:: Data ::
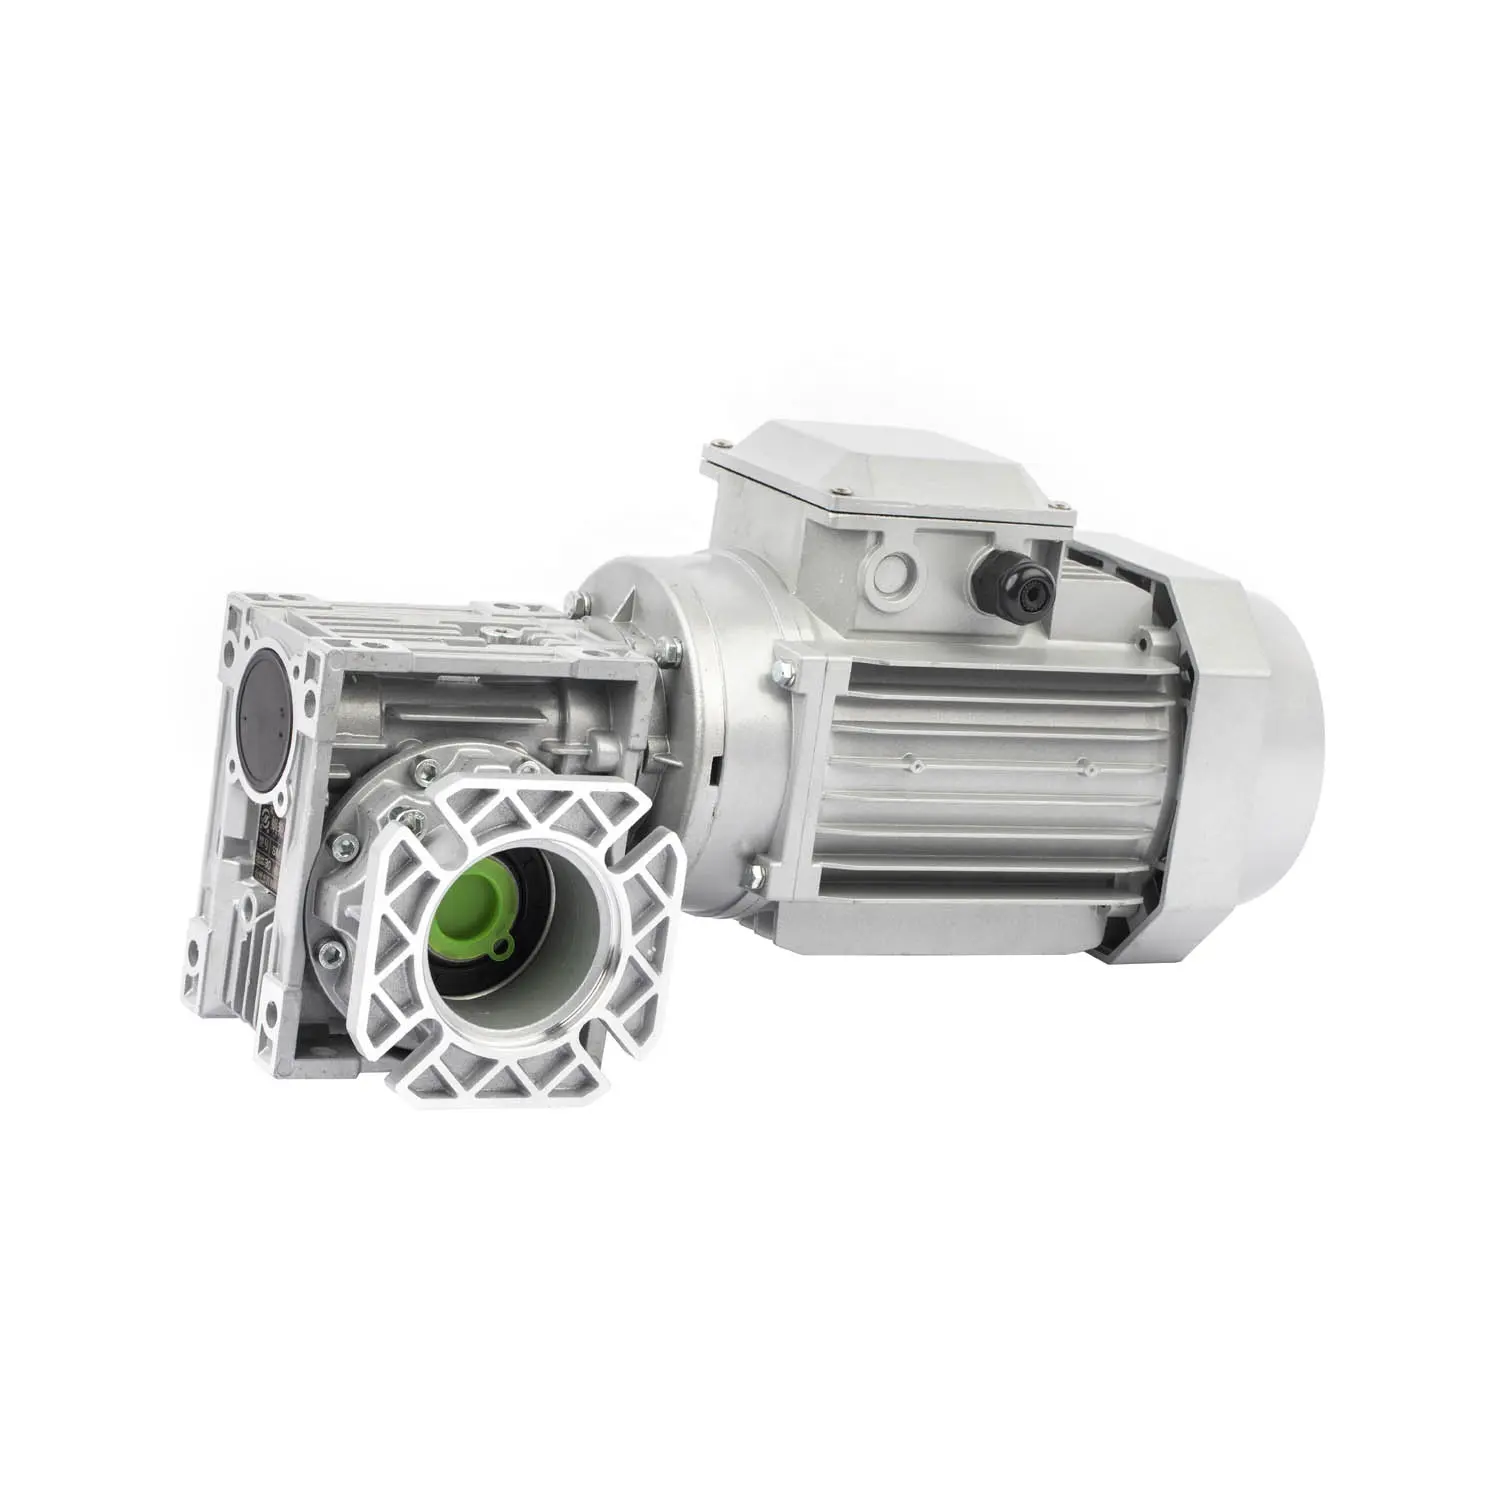 worm gearbox marine engine transmission motor gearbox speed reducer
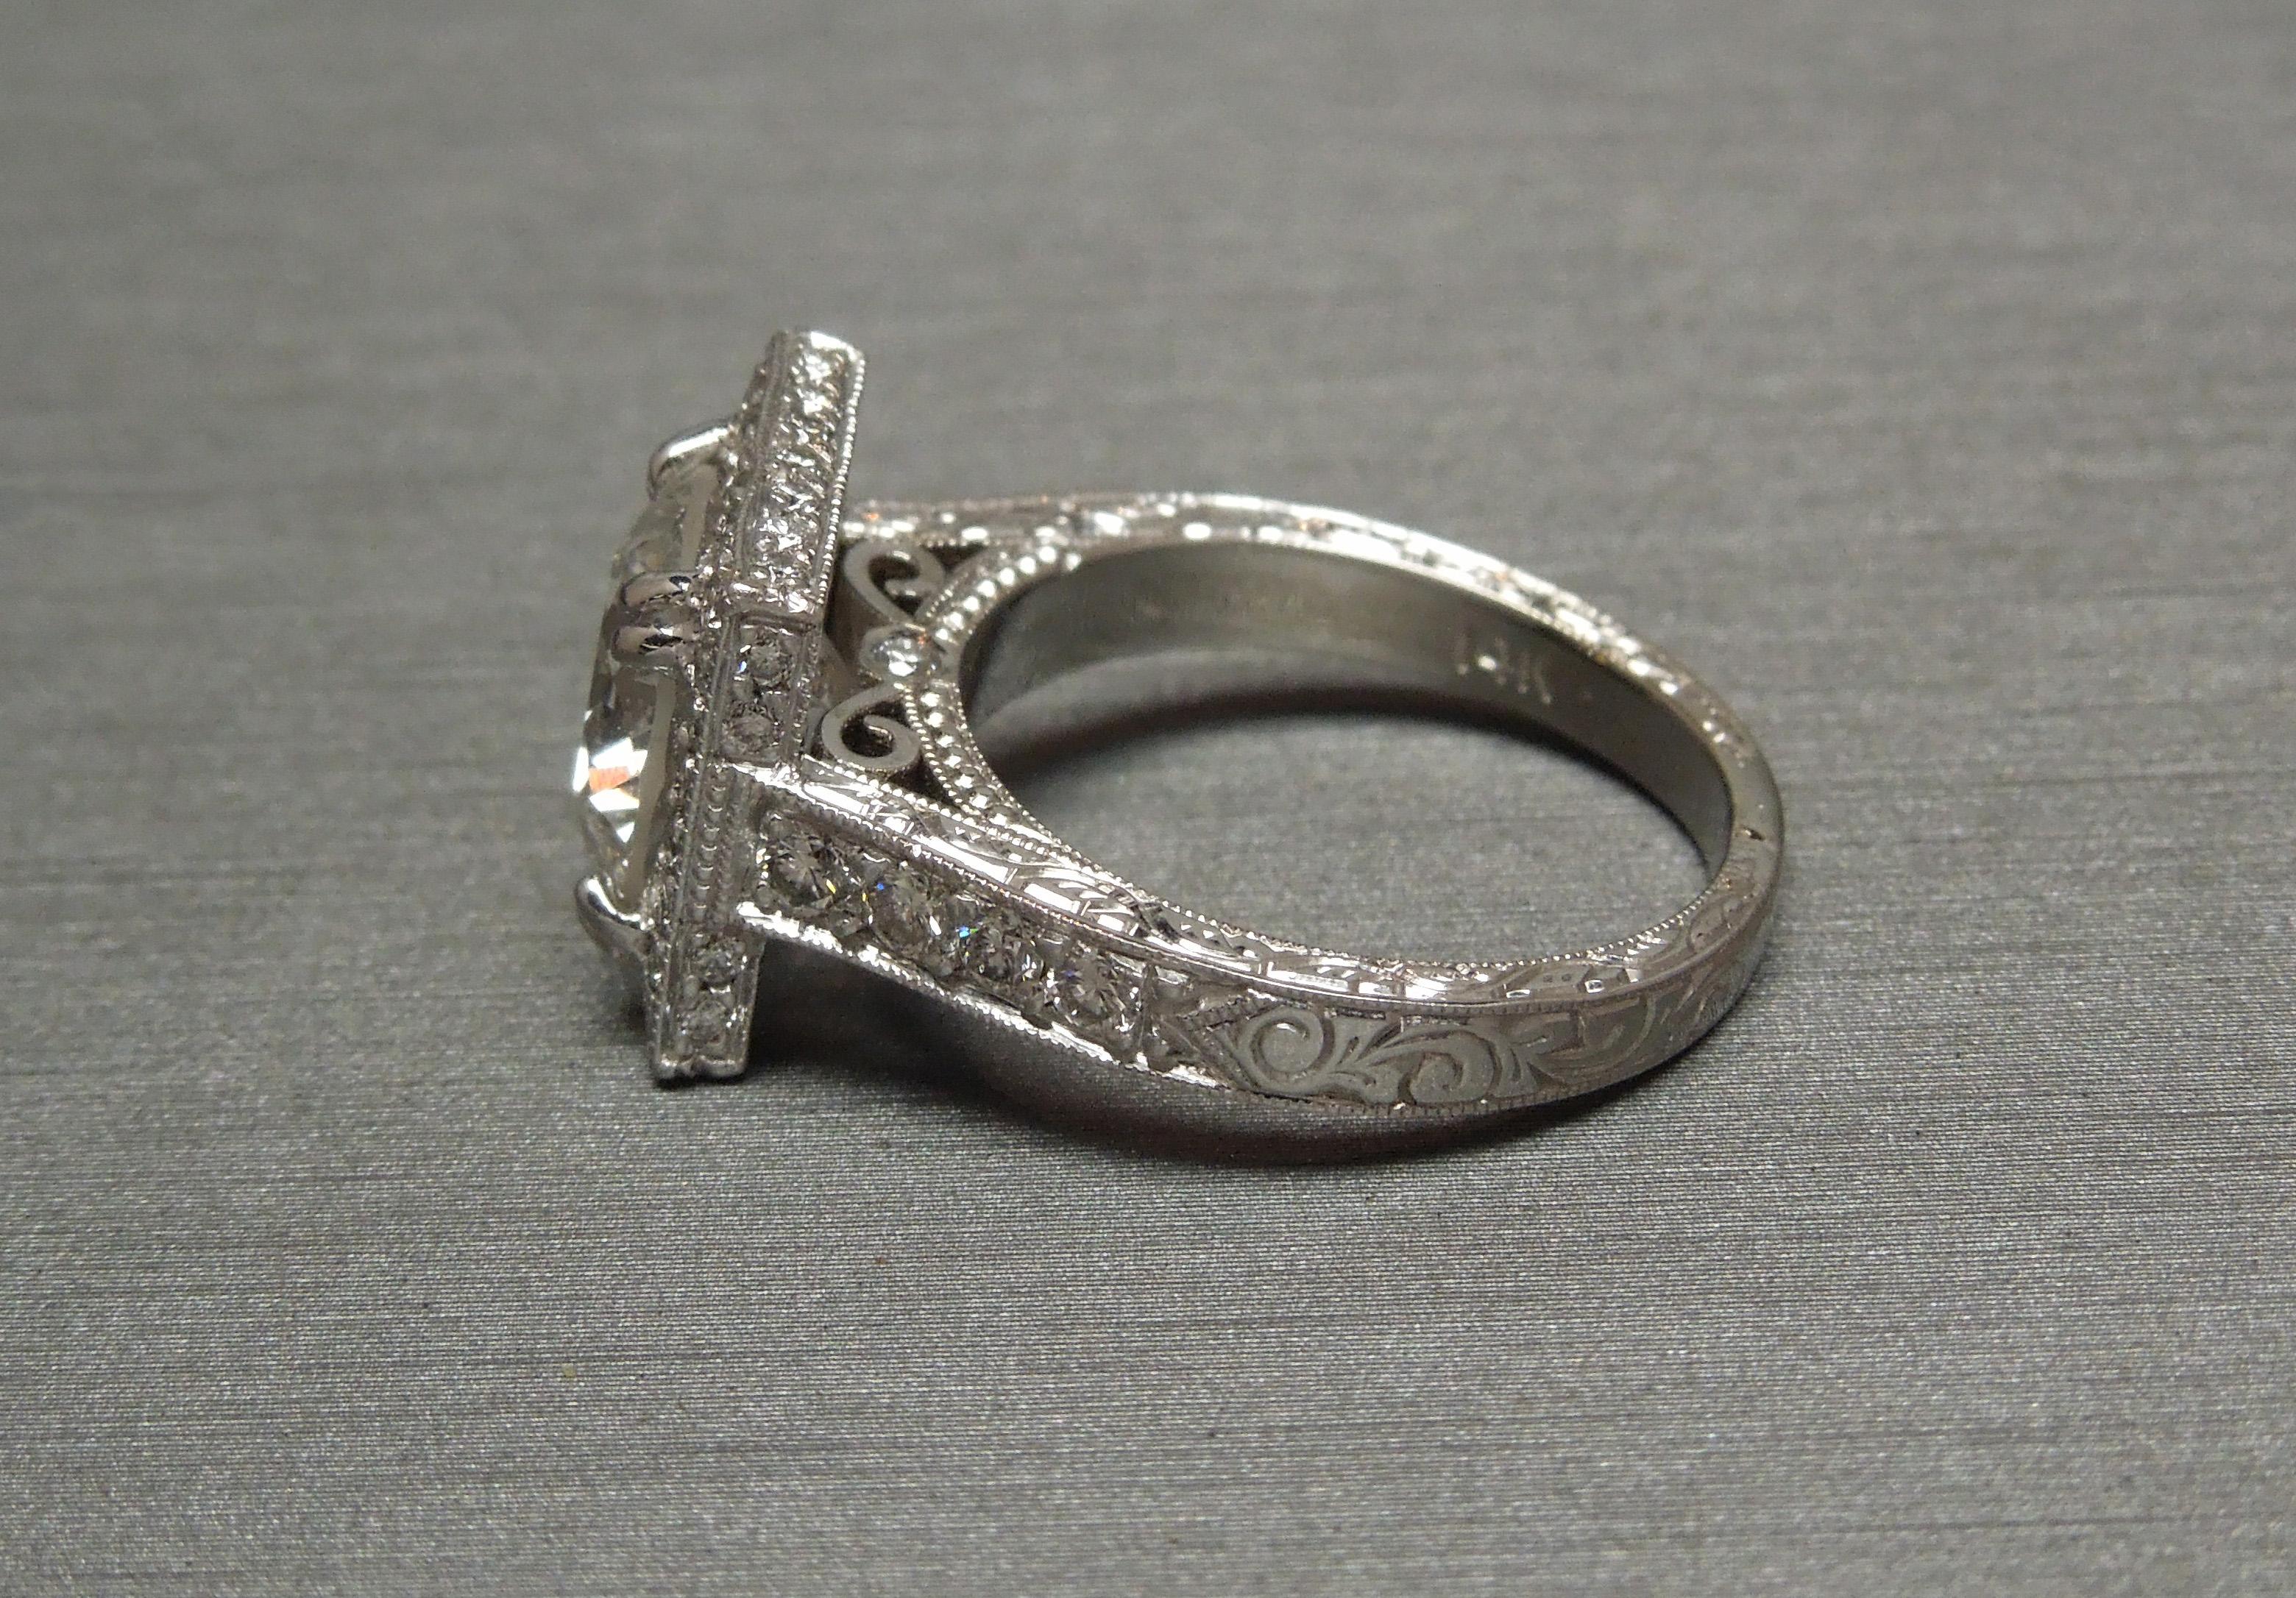 Dieser runde Diamant Solitär Halo Ring verfügt über eine unglaublich weiß GIA zertifiziert zentralen 3,22 Karat (E Farbe; I2 Klarheit) Brillantschliff Diamant. Obwohl er als I2 Clarity eingestuft ist, übertrifft die Brillanz diese Einstufung als
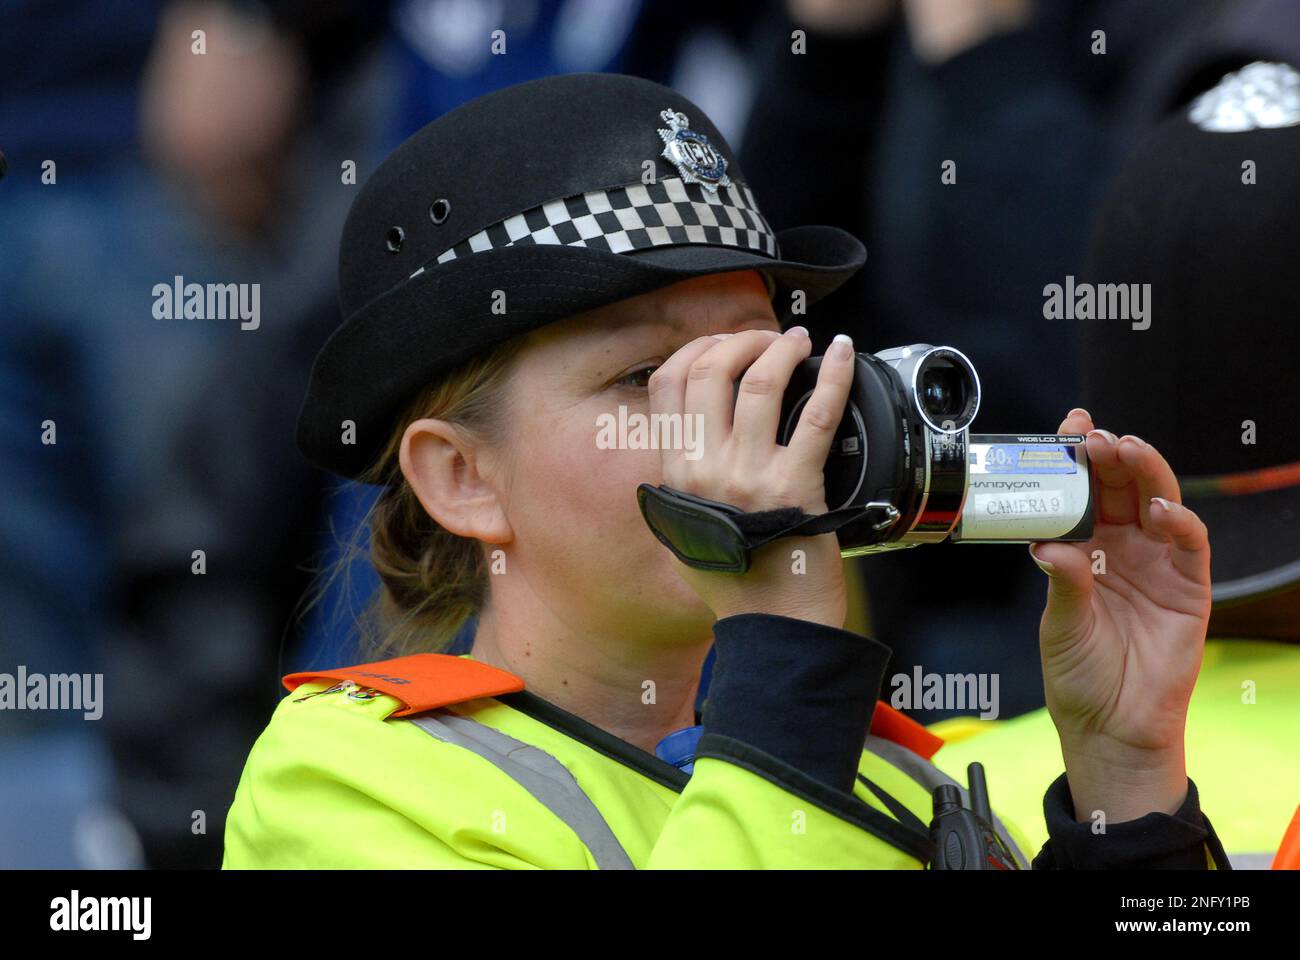 L'officier de police des West Midlands utilise une caméra vidéo pour surveiller les fans de foule de football West Bromwich Albion v Wolverhampton Wanderers 16/10/2011 Banque D'Images
:::
**Action item**
Your reply should restate the data above word for word and contain no pictures.

**Exercise output**
 worm gearbox marine engine transmission motor gearbox speed reducer
 Dieser runde Diamant Solitär Halo Ring verfügt über eine unglaublich weiß GIA zertifiziert zentralen 3,22 Karat (E Farbe; I2 Klarheit) Brillantschliff Diamant. Obwohl er als I2 Clarity eingestuft ist, übertrifft die Brillanz diese Einstufung als
 L'officier de police des West Midlands utilise une caméra vidéo pour surveiller les fans de foule de football West Bromwich Albion v Wolverhampton Wanderers 16/10/2011 Banque D'Images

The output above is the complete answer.